* [Work item]
Quote the whole listing exactly. Leave the pictures out of your copy.

* [Data excerpt]
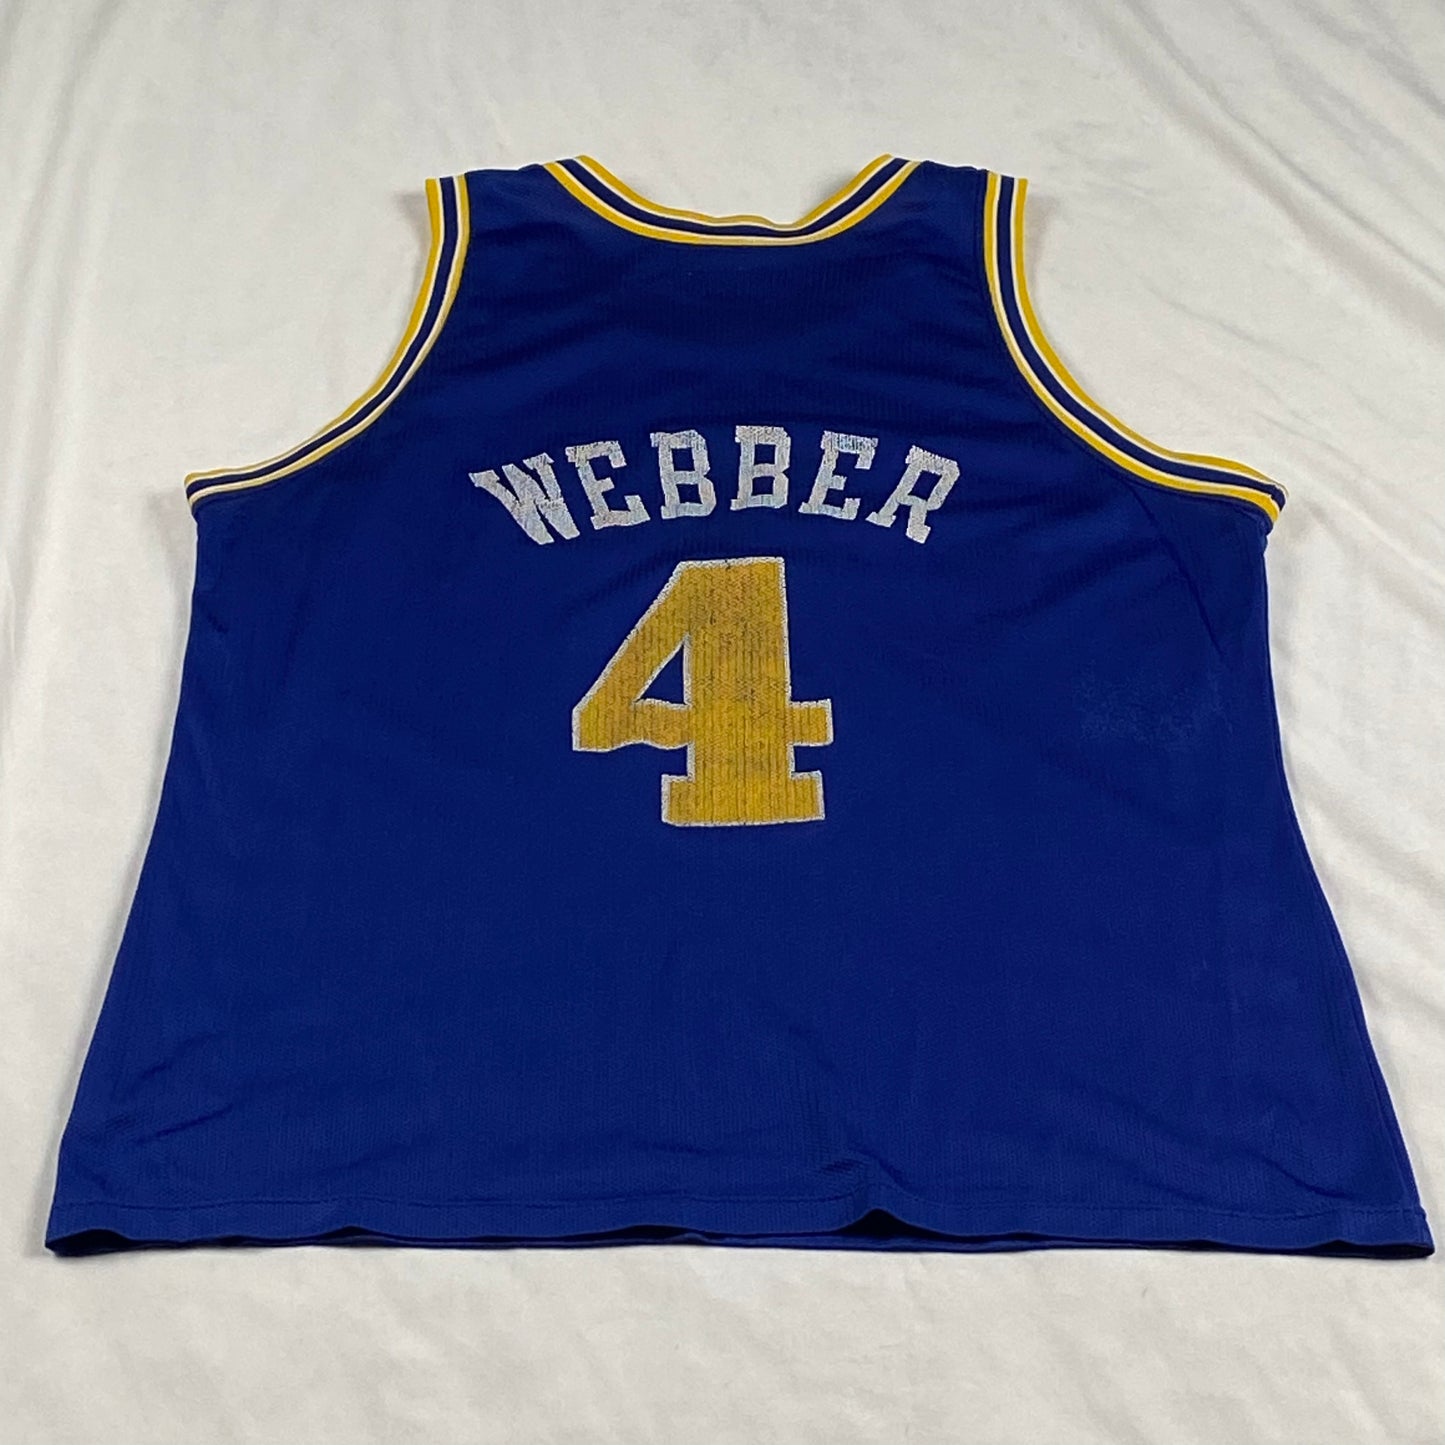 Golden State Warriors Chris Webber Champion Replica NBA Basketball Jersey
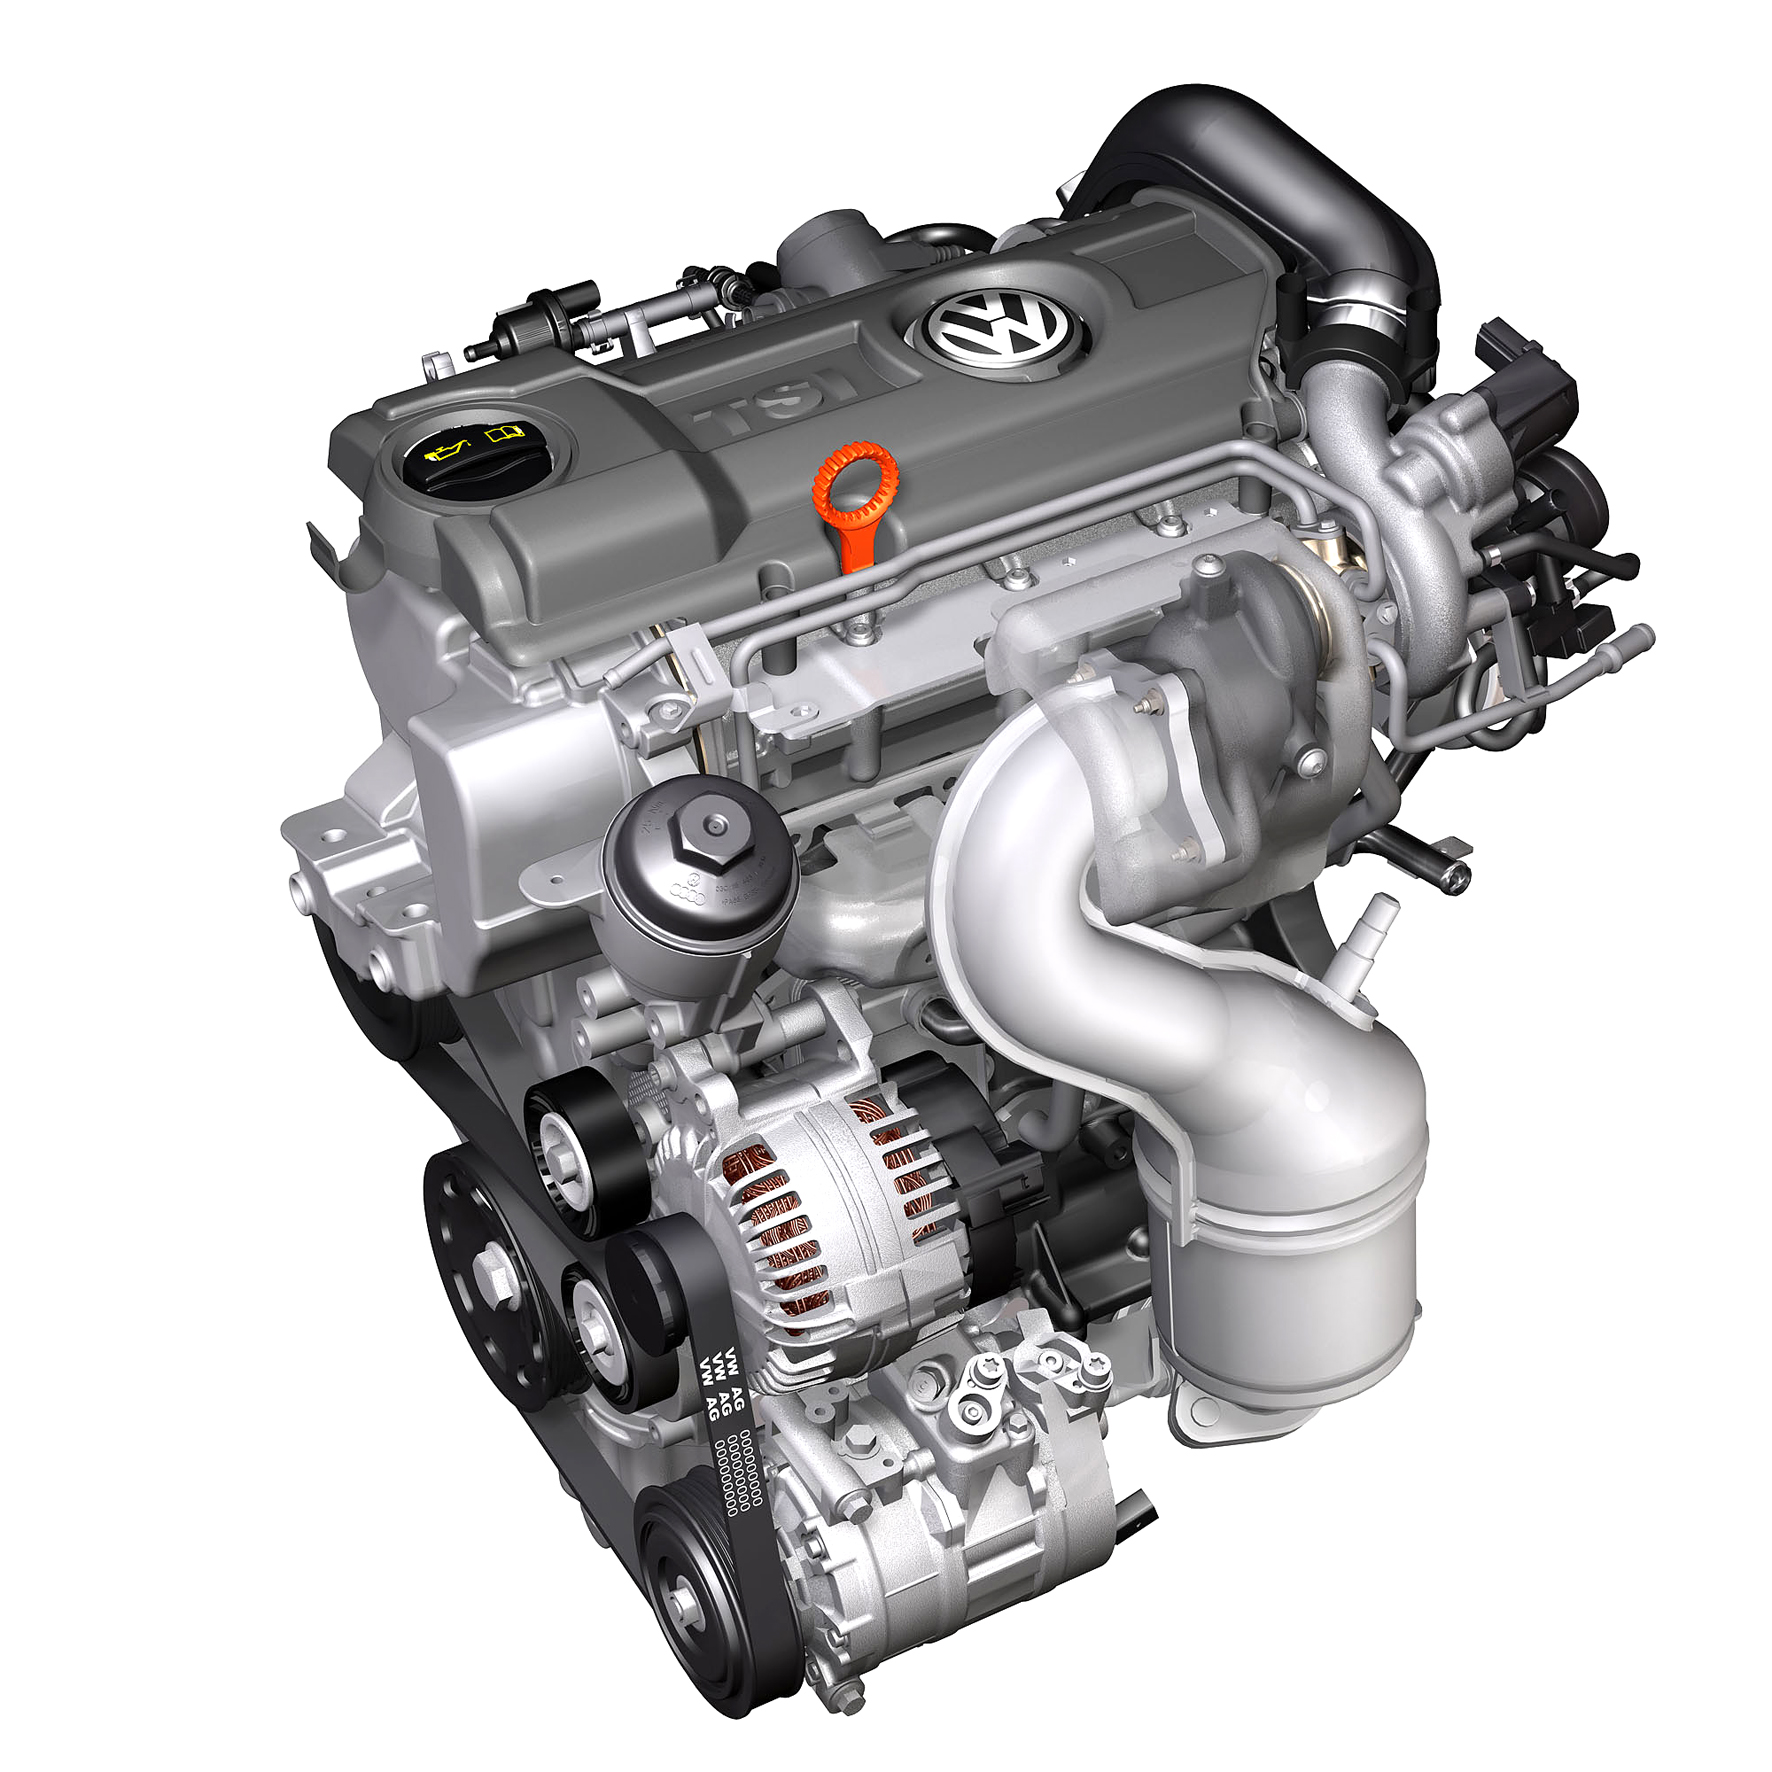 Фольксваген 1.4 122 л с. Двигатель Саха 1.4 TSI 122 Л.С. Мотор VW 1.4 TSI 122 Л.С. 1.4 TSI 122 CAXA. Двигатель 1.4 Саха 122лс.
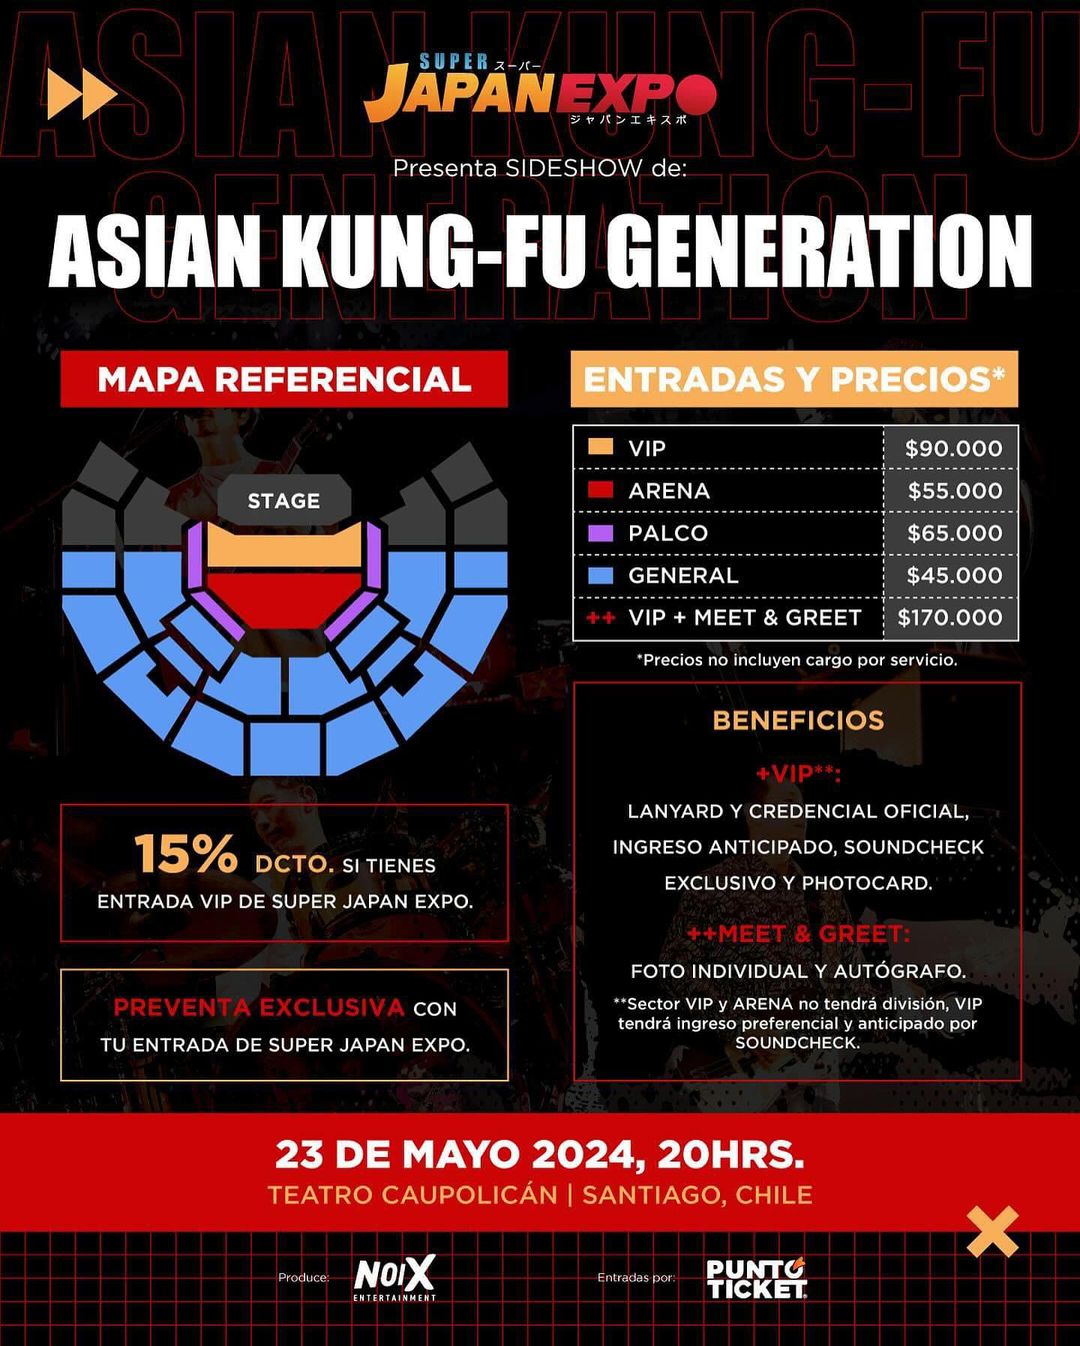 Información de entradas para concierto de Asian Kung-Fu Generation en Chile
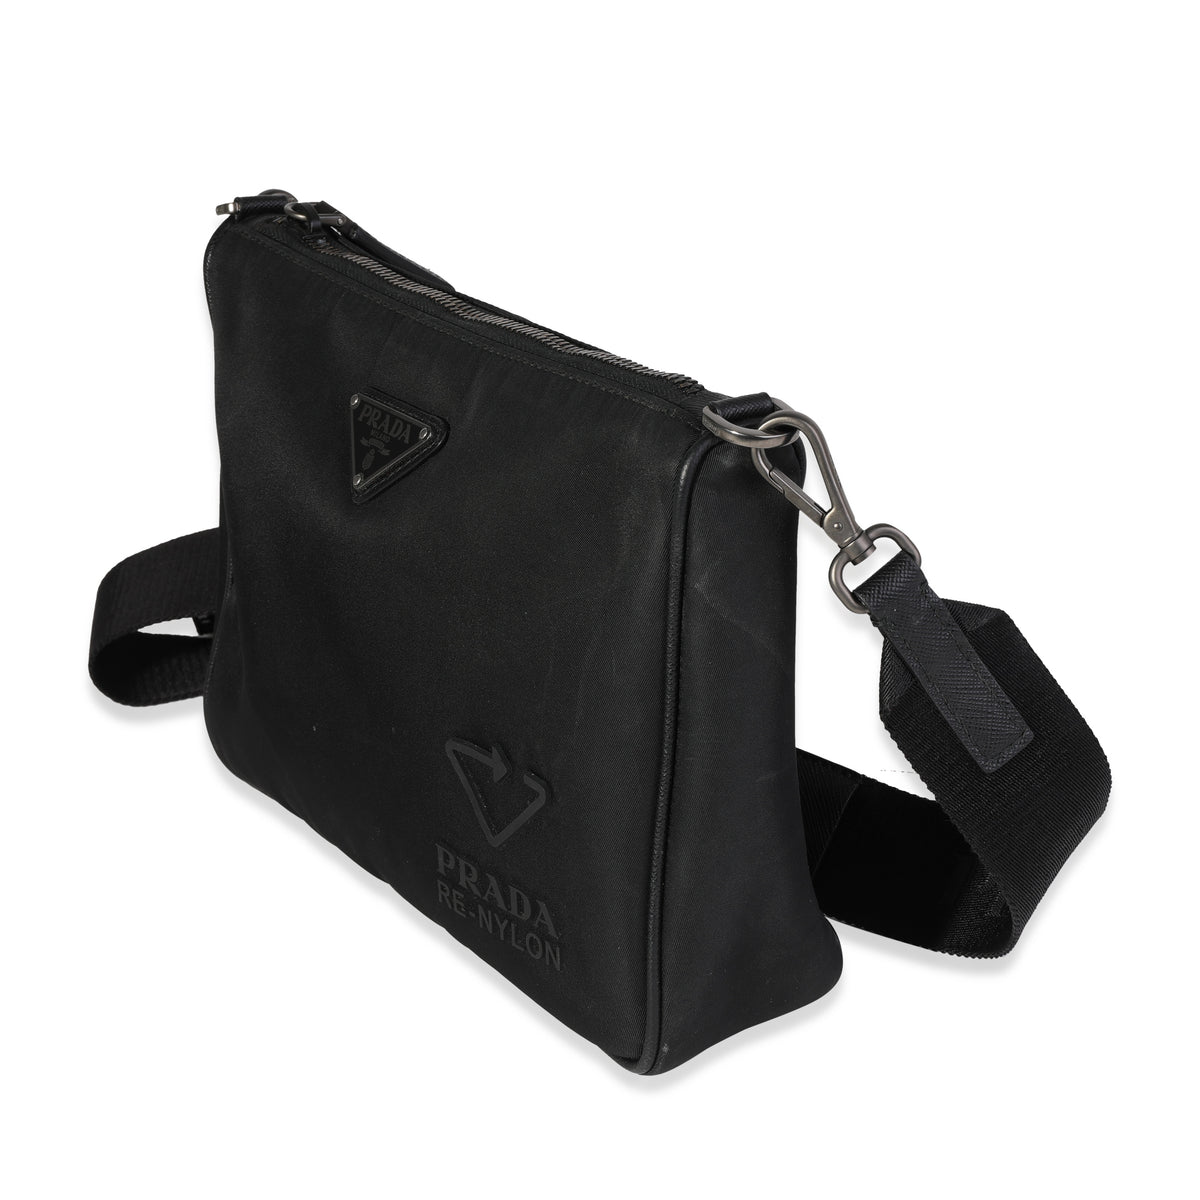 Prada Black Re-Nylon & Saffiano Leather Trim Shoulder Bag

* [Task answer]
 Golden State Warriors Chris Webber Champion Replica NBA Basketball Jersey
 Фольксваген 1.4 122 л с. Двигатель Саха 1.4 TSI 122 Л.С. Мотор VW 1.4 TSI 122 Л.С. 1.4 TSI 122 CAXA. Двигатель 1.4 Саха 122лс.
 Información de entradas para concierto de Asian Kung-Fu Generation en Chile
 Prada Black Re-Nylon & Saffiano Leather Trim Shoulder Bag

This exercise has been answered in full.